Perissinotto racconta come un'errata concezione della tradizione possa tramutarsi in un pericoloso rifiuto dell'altro: il romanzo che i leghisti dovrebbero leggere.

11/05/2011
Alessandro Perissinotto è docente all'Università di Torino. Autore di diversi saggi, è approdato alla narrativa nel 1997 con "L'anno che uccisero Rosetta". Con "Al mio giudice" nel 2005 ha vinto il Grinzane Cavour.
Alessandro Perissinotto è docente all'Università di Torino. Autore di diversi saggi, è approdato alla narrativa nel 1997 con "L'anno che uccisero Rosetta". Con "Al mio giudice" nel 2005 ha vinto il Grinzane Cavour.

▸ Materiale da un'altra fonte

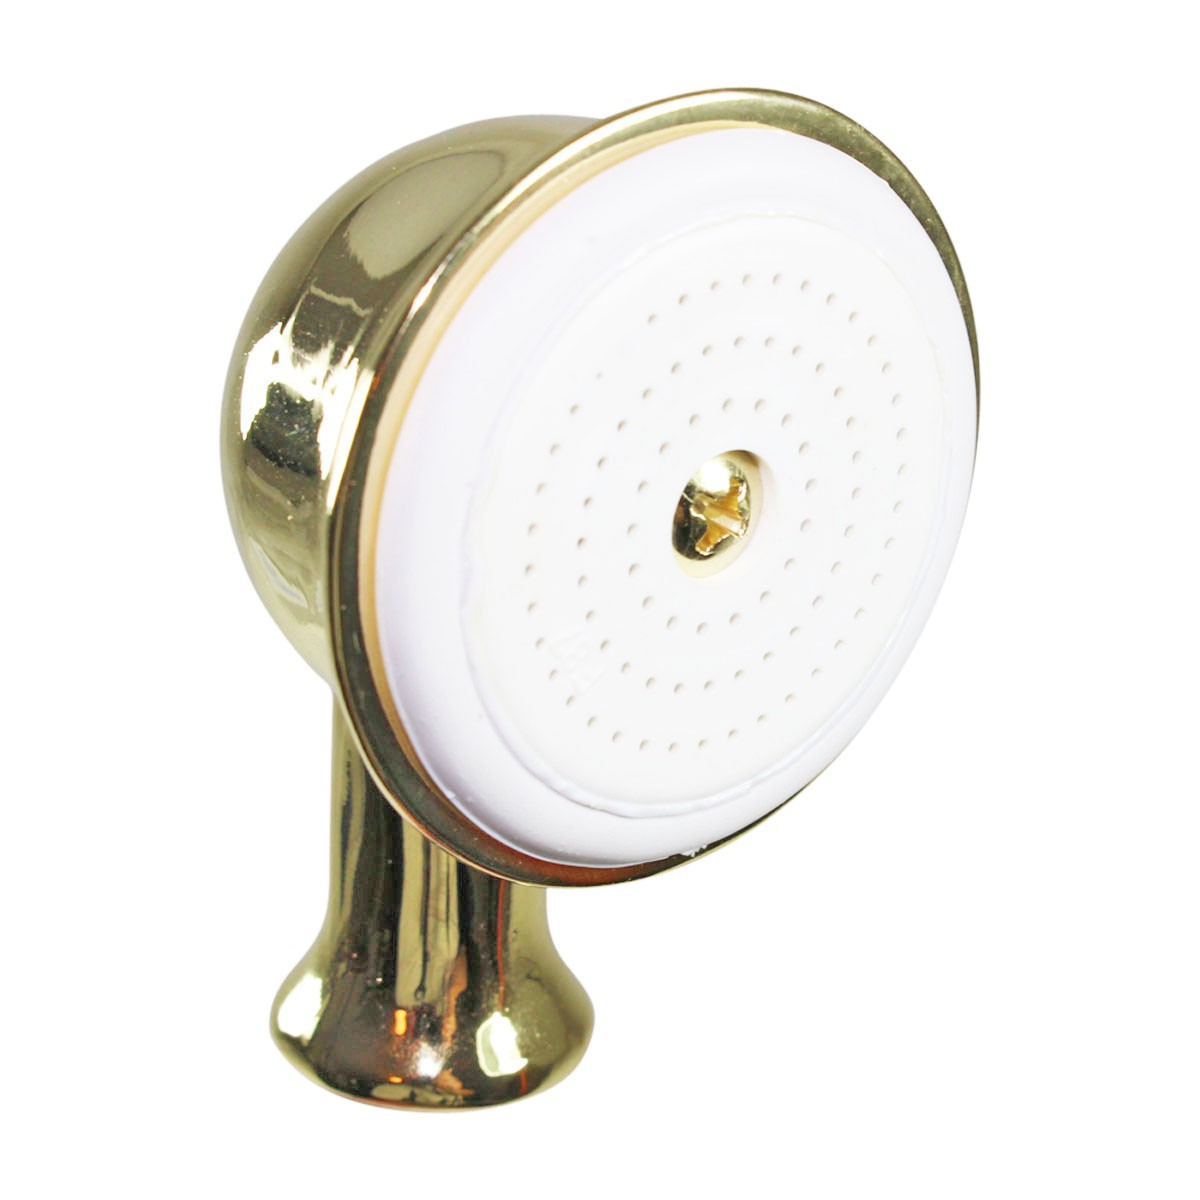 Handheld Shower Bright Brass Wall Mount 1 Handle Hand Held Shower Hand Held Showers Handheld Showers

   Ecco il romanzo che i leghisti dovrebbero leggere: Semina il vento (Piemme), di Alessandro Perissinotto. Il libro si divide di fatto in due parti, distinte. La prima descrive l'incontro e l'innamoramento fra Giacomo Musso e la fascinosa Shirin. Lui è un giovane italiano che lavora a un museo di Parigi, dove si occupa di divulgazione scientifica per l'infanzia. Lei è una ragazza di origini iraniane, ma nata e cresciuta nella capitale francese, dove erano emigrati i genitori in fuga dalla rivoluzione islamica. La seconda racconta il trasferimento della coppia a Molini, sulle montagne piemontesi, paese d'origine di lui, e la lenta, ma inesorabile distruzione del loro amore, a causa dell'odio, dell'ottusità, della grettezza della gente locale.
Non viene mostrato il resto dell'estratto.